In the entries below, repeat only the lines between those holding "70e45b059a6c1 Trainers Nike" and "1300x1160 Cartoon Vector", inclusive. Leave pictures out.

### Data for the task
[Start of section]

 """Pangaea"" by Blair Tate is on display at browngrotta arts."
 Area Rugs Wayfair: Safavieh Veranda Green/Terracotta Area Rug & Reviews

[End of section]
[Start of section]

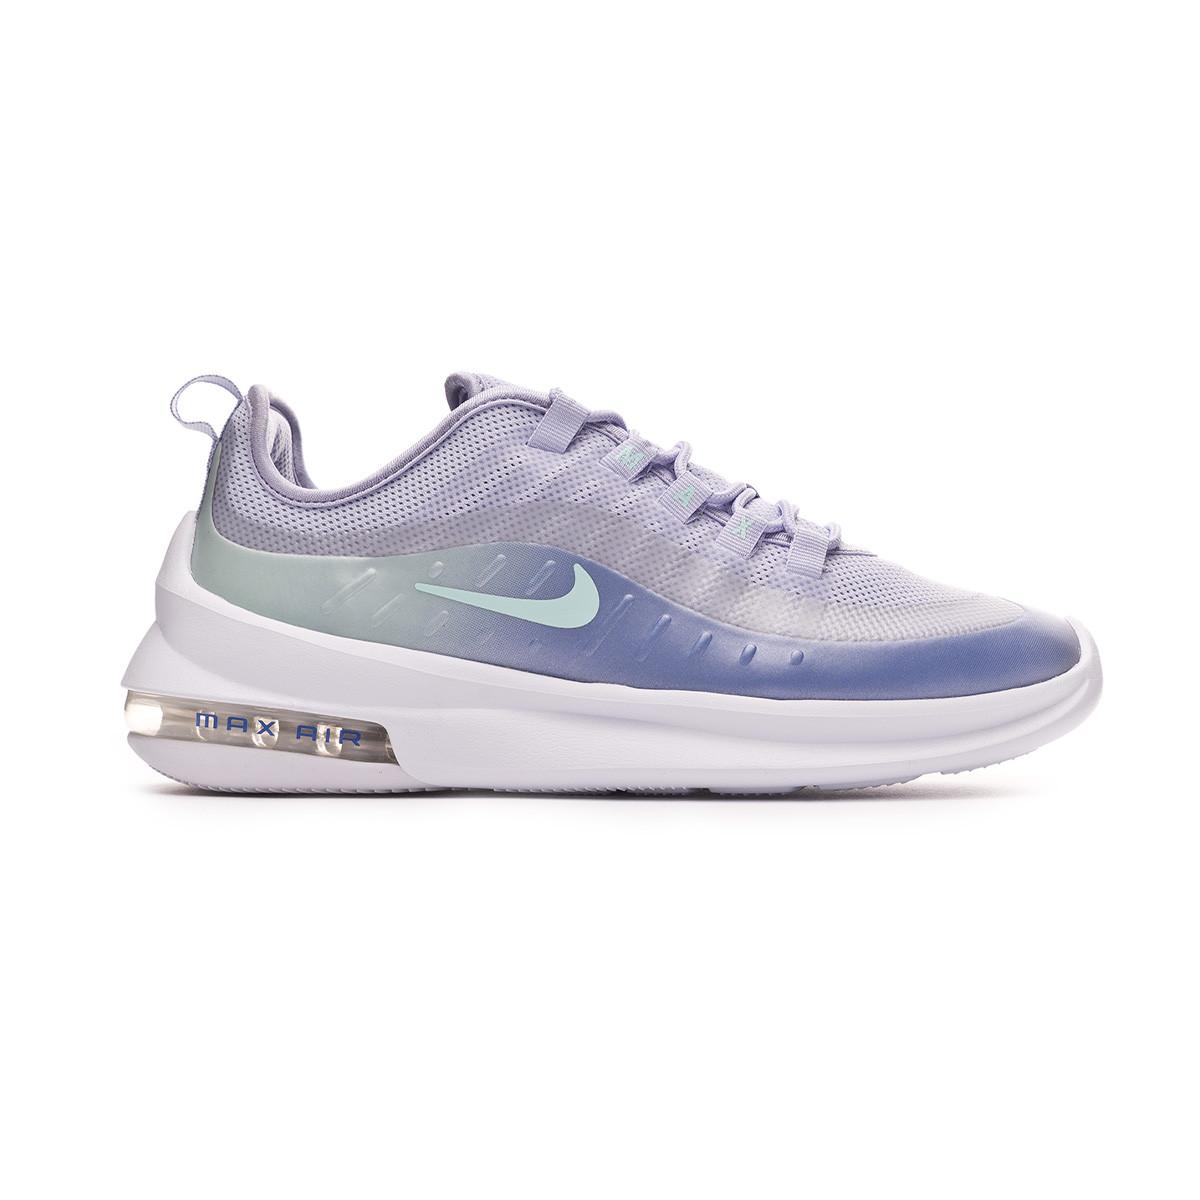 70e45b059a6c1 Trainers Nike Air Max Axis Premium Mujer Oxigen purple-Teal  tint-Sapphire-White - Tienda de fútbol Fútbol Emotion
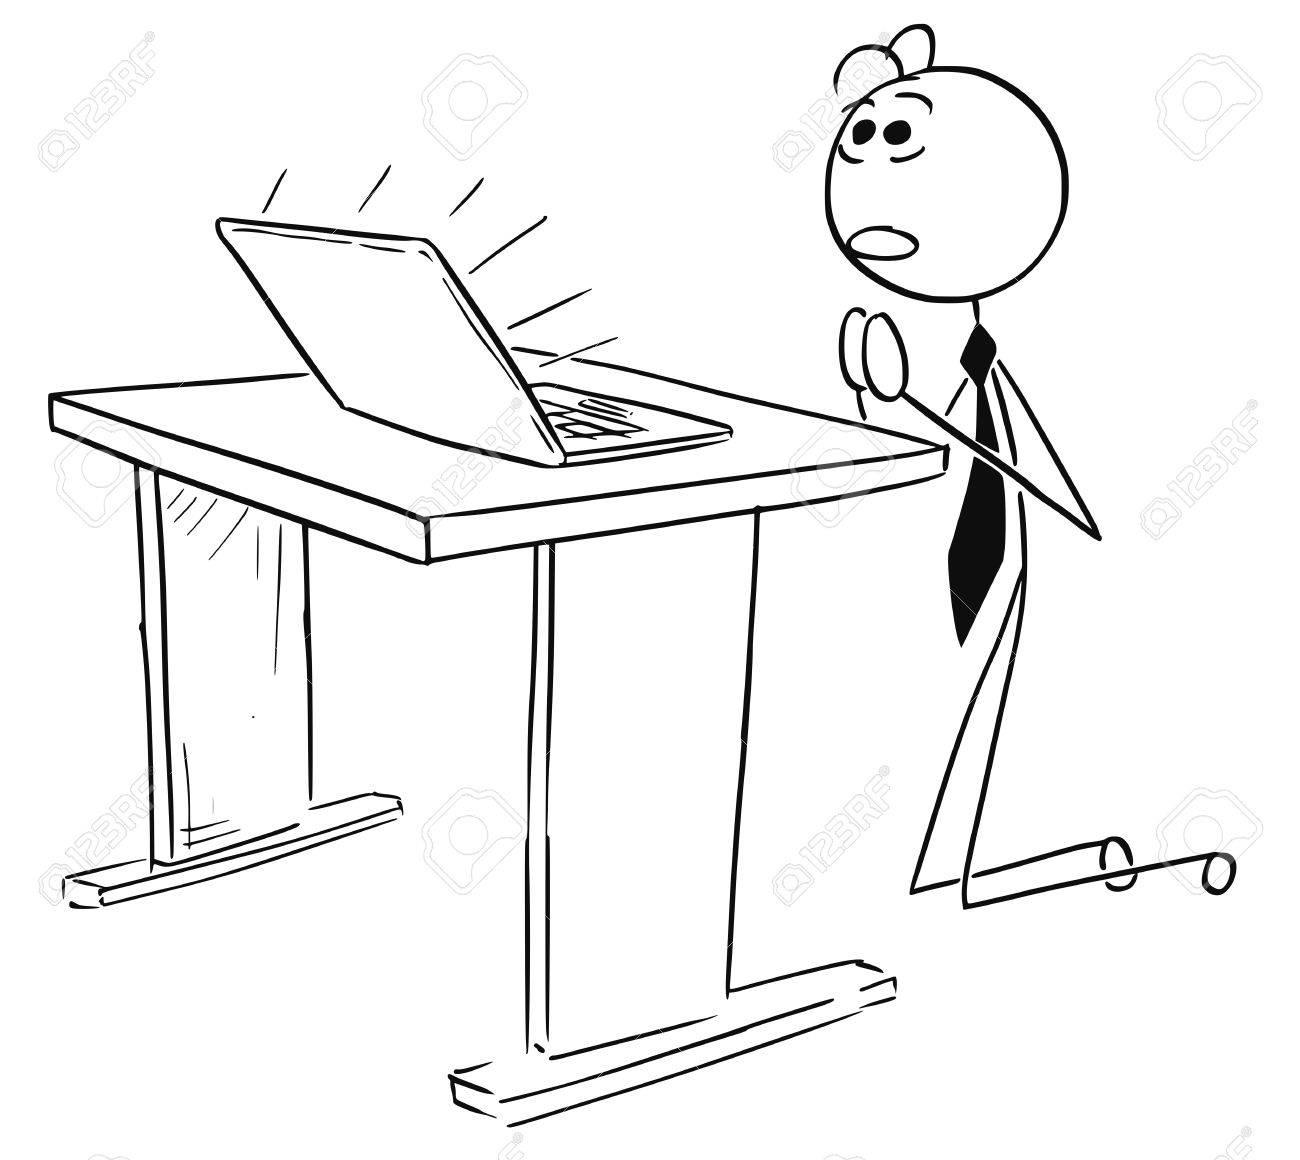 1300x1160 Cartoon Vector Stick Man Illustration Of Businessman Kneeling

[End of section]
[Start of section]

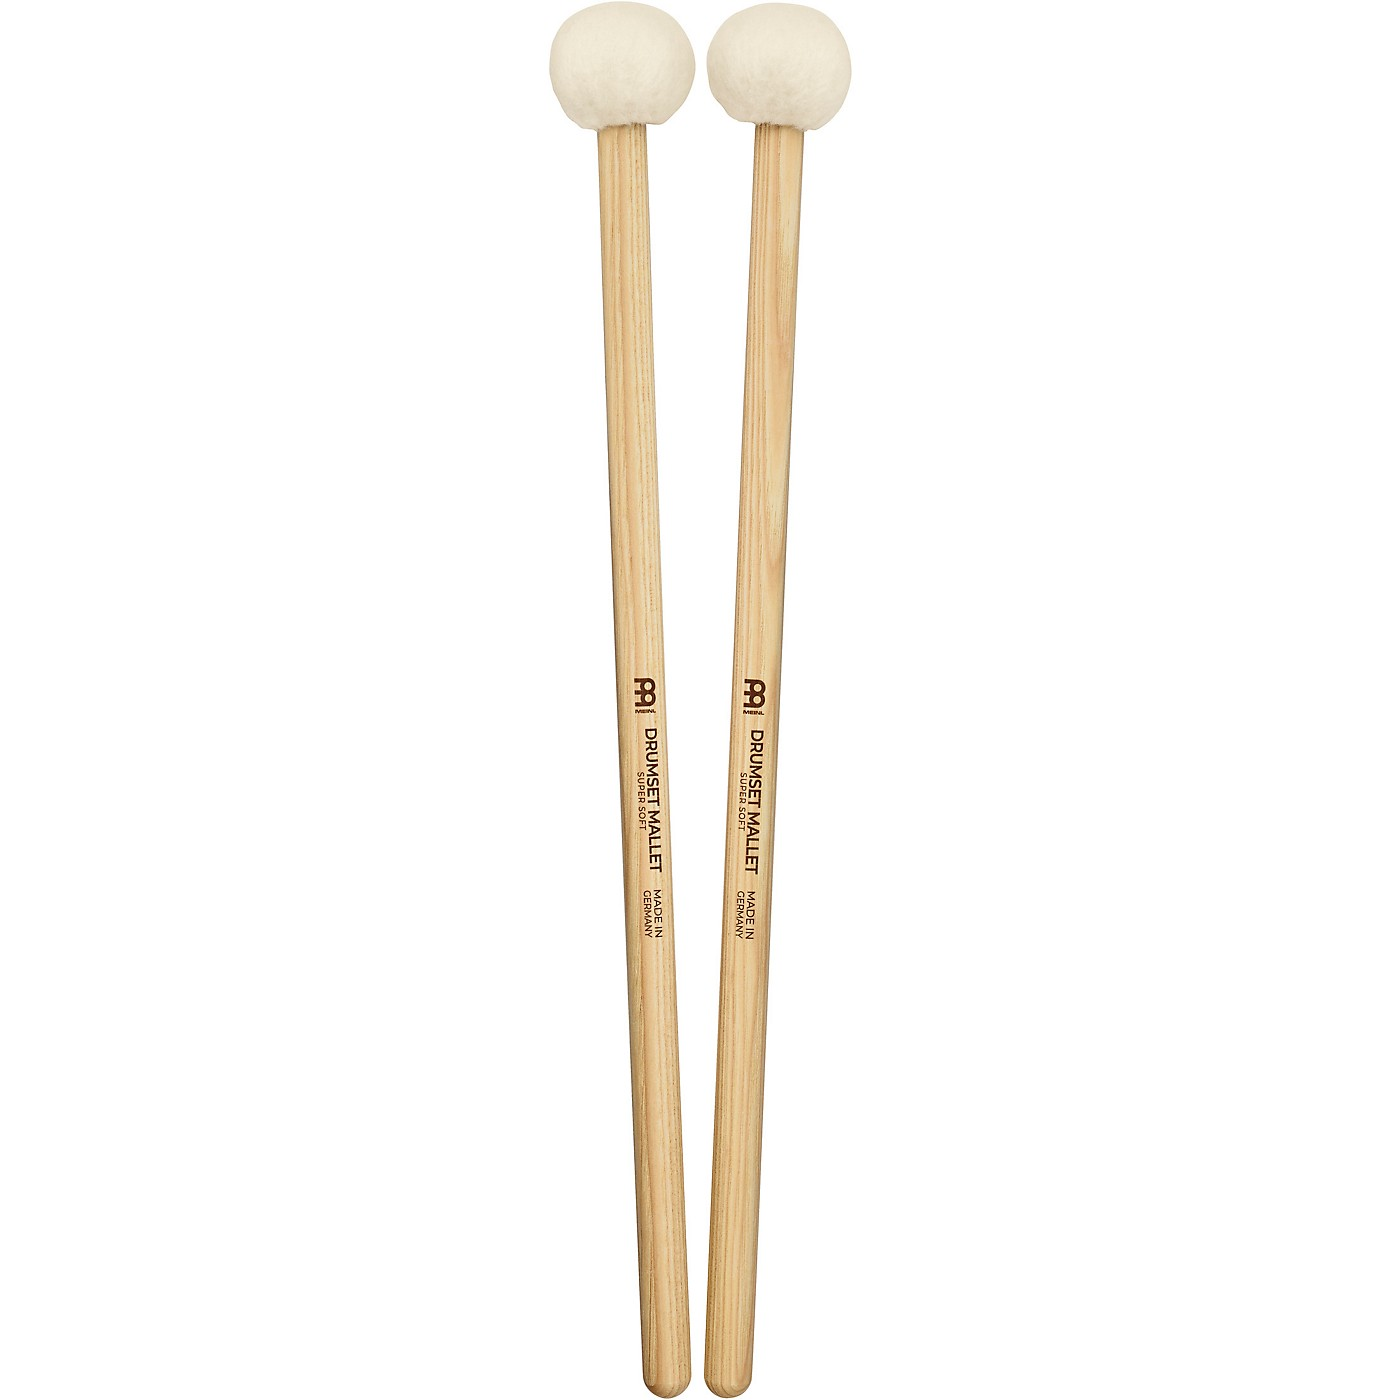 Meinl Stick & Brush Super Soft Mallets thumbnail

[End of section]

### Response
 70e45b059a6c1 Trainers Nike Air Max Axis Premium Mujer Oxigen purple-Teal  tint-Sapphire-White - Tienda de fútbol Fútbol Emotion
 1300x1160 Cartoon Vector Stick Man Illustration Of Businessman Kneeling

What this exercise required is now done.